Author:Ayesha Manazir Siddiqi

He got up off the sofa and flicked at the ivy trailing down my bookshelf. I knew he was thinking about the qualms I’d sometimes raised regarding his masculinity or whiteness. It felt like Adam had forged a case against me in our time apart.

“Sorry,” I said.

“No … no. You know what, you’re right. Forget it. I was trying to say that it’s … very cool, isn’t it? What do you think you’ll do now? With the language, I mean.”

“Well, so far, I’ve just been chilling. I don’t think it’s sunk in yet. But I guess I’ll start reading some German novels, watching films? And then, scope out translation opportunities.”

“I’m sure you’ll be great,” he said. “You’ll be very … strategic.”

I felt like he’d said the word with some bitterness—strategic—and I wondered if he thought I’d been strategic in dating and then disposing of him when it suited me. It wasn’t true, of course. If I were strategic in the least, my life certainly wouldn’t look the way it did. In fact, if anything, Adam had been the strategic one. His last girlfriend had been a Brazilian lawyer, and before that, he’d been going out with a Sri Lankan academic. The man clearly had a type. But whatever. I let it go.

“So, when you were at the Centre, did you come across someone called Shiba?” I asked.

Billee meowed an order for petting, so I shifted from the sofa to the floor to oblige.

“Oh yeah, I remember her vaguely. She’s one of the managers, right?”

“Yeah. She was my supervisor.”

“She’s fit.”

I laughed. “Yeah.”

“Did you two become friends?”

“I think so.”

Billee, who’d been blissfully purring while I rubbed his belly, shifted without warning into a murderous lunge for my hand.

“He’s excited to see you,” Adam said.

“I’m glad. I was worried that he’d forget me.”

Adam scooted off the sofa and sat next to me on the floor, cross-legged. He rolled a little ball around. Billee leaped enthusiastically.

“He’d never forget you.”

I felt an urge then to lean into Adam, to have him hold me like he used to. I sensed the urge float its way over to him, felt him catch it midair the way only he could, but we refrained. There was no point, he’d said to me again and again, if I wasn’t going to commit. I thought this was, I don’t know, somewhat cowardly, that we needed to let our feelings emerge naturally and follow them, do their bidding, not the other way around. Ultimatums … well, ultimatums are an insult to the heart. In Adam’s mind, intimacy could only come from deep commitment, but in mine, it was the other way around. Commitment could only come from deep intimacy. Maybe this was the fundamental problem between us. But I don’t know. Maybe I would have felt the same in his shoes. And so, we allowed the urge to pass, and it did, but not before leaving a certain softness between us in its wake.

“Seriously, Adam.

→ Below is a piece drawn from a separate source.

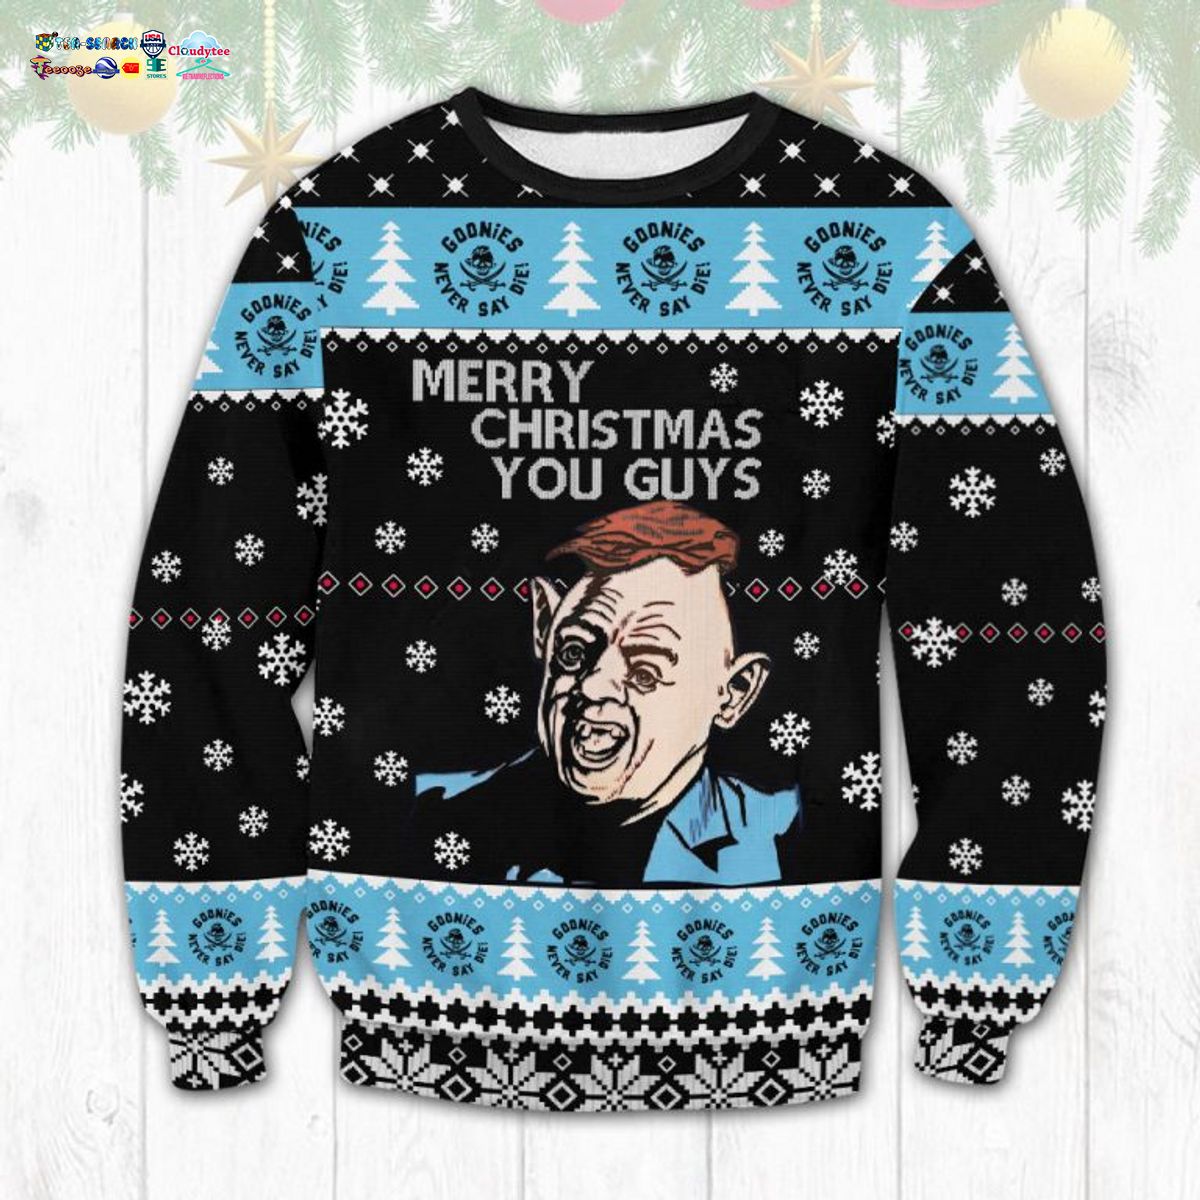 The Goonies Merry Christmas You Guys Ugly Christmas Sweater

Thank you so much for telling me about that place.”

“It’s a big deal, you know, that I used up my referral on you.”

“I will be forever grateful.”

“Save yours for someone special, okay?”

“I will.”

He said this in a sweet way, not implying that he had wasted his referral on me but that he had indeed used it rightly. That familiar earnestness touched me. When we first broke up, I would long for Adam incessantly. Well, incessantly until he arrived. Then, more recently, things had flipped, and I would cringe when I thought of him, wondering why we’d ever dated in the first place. But in that moment, I could see both: why I had dated him and why we broke up. A necessary step, I thought, toward real closure.

Then Adam left, and Billee made himself at home straightaway. I put the hot water bottle away, and he snuggled next to me while I pored over The Sorrows of Young Werther. A million times better in the original German.

·

Over the next few weeks, my amazement at my miraculously acquired fluency settled into acceptance, and I decided it was time to put my skills to use. I was already connected to a bunch of linguists through mailing lists, social media, work, and conferences, so it wasn’t difficult to plug into the German translating scene. I dug deep into online literary forums and looked up obscure German novels at the Goethe-Institut and British Library. I followed specialists in the field on Twitter. I emailed writers and joined reading groups. At all times, I kept my antennae up. Then, I found it. A slim volume, 150 pages, written by a forty-five-year-old poet based in Berlin. It was called The Quiet of the Songbird.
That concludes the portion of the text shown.